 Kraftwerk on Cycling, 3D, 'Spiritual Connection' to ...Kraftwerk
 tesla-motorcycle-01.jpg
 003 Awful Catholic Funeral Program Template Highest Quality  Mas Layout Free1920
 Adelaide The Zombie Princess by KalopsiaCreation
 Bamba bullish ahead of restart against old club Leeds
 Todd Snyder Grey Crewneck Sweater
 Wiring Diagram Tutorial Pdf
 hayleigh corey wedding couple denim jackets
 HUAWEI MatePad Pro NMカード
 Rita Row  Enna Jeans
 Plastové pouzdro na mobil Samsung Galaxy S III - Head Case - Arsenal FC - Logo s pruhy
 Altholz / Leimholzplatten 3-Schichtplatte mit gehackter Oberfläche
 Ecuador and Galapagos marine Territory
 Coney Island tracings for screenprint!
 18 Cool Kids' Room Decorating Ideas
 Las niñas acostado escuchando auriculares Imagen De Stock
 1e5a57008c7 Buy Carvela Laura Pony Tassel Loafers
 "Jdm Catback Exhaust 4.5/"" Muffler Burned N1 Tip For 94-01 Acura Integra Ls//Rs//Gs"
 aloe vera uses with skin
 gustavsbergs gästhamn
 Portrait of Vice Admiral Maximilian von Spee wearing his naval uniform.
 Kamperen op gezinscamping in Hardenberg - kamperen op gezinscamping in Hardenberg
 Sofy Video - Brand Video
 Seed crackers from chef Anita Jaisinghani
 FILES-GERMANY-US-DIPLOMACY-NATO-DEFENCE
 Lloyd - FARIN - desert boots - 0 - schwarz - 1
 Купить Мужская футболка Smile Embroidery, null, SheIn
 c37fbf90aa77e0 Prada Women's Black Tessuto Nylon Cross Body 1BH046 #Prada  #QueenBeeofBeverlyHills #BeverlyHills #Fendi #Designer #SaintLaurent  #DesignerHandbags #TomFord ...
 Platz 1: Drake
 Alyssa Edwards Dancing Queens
--
How to complete this task
Restate word for word only the lines running from the beginning of the data to the line holding "Kamperen op gezinscamping in Hardenberg - kamperen", both included.

Task output
 Kraftwerk on Cycling, 3D, 'Spiritual Connection' to ...Kraftwerk
 tesla-motorcycle-01.jpg
 003 Awful Catholic Funeral Program Template Highest Quality  Mas Layout Free1920
 Adelaide The Zombie Princess by KalopsiaCreation
 Bamba bullish ahead of restart against old club Leeds
 Todd Snyder Grey Crewneck Sweater
 Wiring Diagram Tutorial Pdf
 hayleigh corey wedding couple denim jackets
 HUAWEI MatePad Pro NMカード
 Rita Row  Enna Jeans
 Plastové pouzdro na mobil Samsung Galaxy S III - Head Case - Arsenal FC - Logo s pruhy
 Altholz / Leimholzplatten 3-Schichtplatte mit gehackter Oberfläche
 Ecuador and Galapagos marine Territory
 Coney Island tracings for screenprint!
 18 Cool Kids' Room Decorating Ideas
 Las niñas acostado escuchando auriculares Imagen De Stock
 1e5a57008c7 Buy Carvela Laura Pony Tassel Loafers
 "Jdm Catback Exhaust 4.5/"" Muffler Burned N1 Tip For 94-01 Acura Integra Ls//Rs//Gs"
 aloe vera uses with skin
 gustavsbergs gästhamn
 Portrait of Vice Admiral Maximilian von Spee wearing his naval uniform.
 Kamperen op gezinscamping in Hardenberg - kamperen op gezinscamping in Hardenberg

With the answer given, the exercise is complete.